Medications – Medications for depression, called SSRIs, can inhibit cravings. As well as tranquilizers and blood pressure medications. Illicit drugs, such as heroin, cocaine, and marijuana, can also cause loss of libido when used chronically and intensely. In cases of problems associated with taking these categories of medications, you can ask your doctor if there are any alternative medications for depression and other conditions that may have a lesser impact on sexual desire.

Relationship quality – Problems with sex may not always indicate other problems in the relationship that need to be addressed.

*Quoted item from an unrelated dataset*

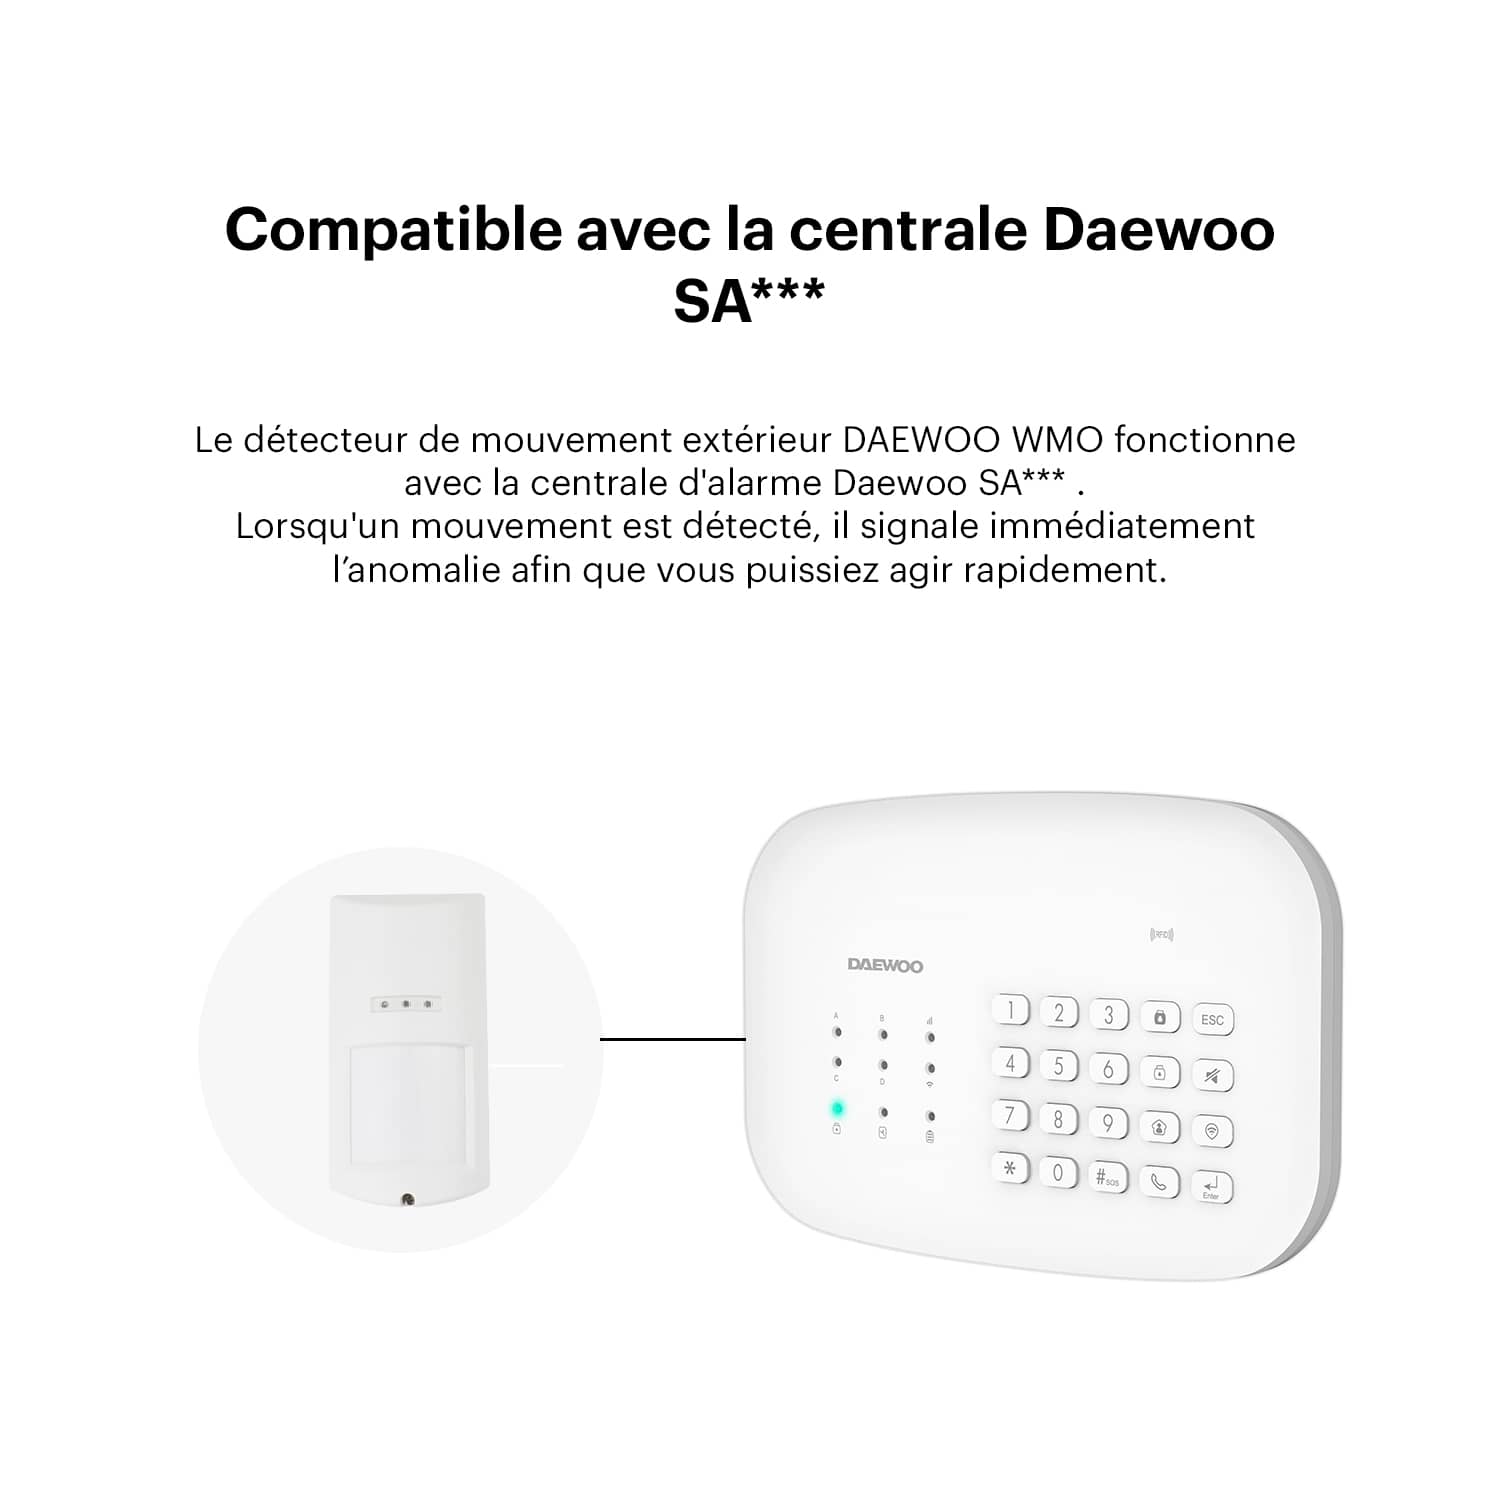 https://daewoo-security.fr/cdn/shop/products/detecteur-de-mouvement-exterieur-wmo501-pour-alarme-daewoo-352307.jpg?v=1651850585&width=1500

Anger and disappointment often pour into the bedroom, paradoxically even excessive and symbiotic fusionality, without the couple’s spaces of independence being able to quench their sexual appetite. Excessive proximity can stifle desire. Separation times are required for connection. When intimacy sinks into fusion, it is not lack of closeness, but too much closeness that prevents desire.

We’ll see next week 8 tips on how to reactivate libido and improve this fundamental aspect of the relationship.

If these words have helped you, and you think they might be useful to someone, share this column and my Facebook page. Please write your questions, reflections, thoughts, experiences related to them that will be treated anonymously by email at [email protected] or far away how are you to the 3921805011 or as a message on Facebook and I will gladly respond, your experience can also be a starting point for growth and reflection for other readers.

[Il dott. Marco Folla è psicologo clinico di coppie, adulti, e adolescenti. Si dedica ad ambiti quali terapia di coppia, problemi di ansia, depressione, dei disturbi alimentari, anche maschili. Traduce libri di psicologia dall’inglese, è certificato analista transazionale. Ha ottenuto il diploma di terzo livello nella terapia di coppia con il metodo Gottman, terapia per superare i tradimenti nella relazione, è formato in Emi therapy (protocollo di riprogrammazione dei movimenti oculari EMDR in accordo con la terapia somatica), sul rischio suicidario e in DBR tecnica di riprocessamento del trauma di attaccamento dal punto di vista neurobiologico. Tiene corsi di mindful eating.]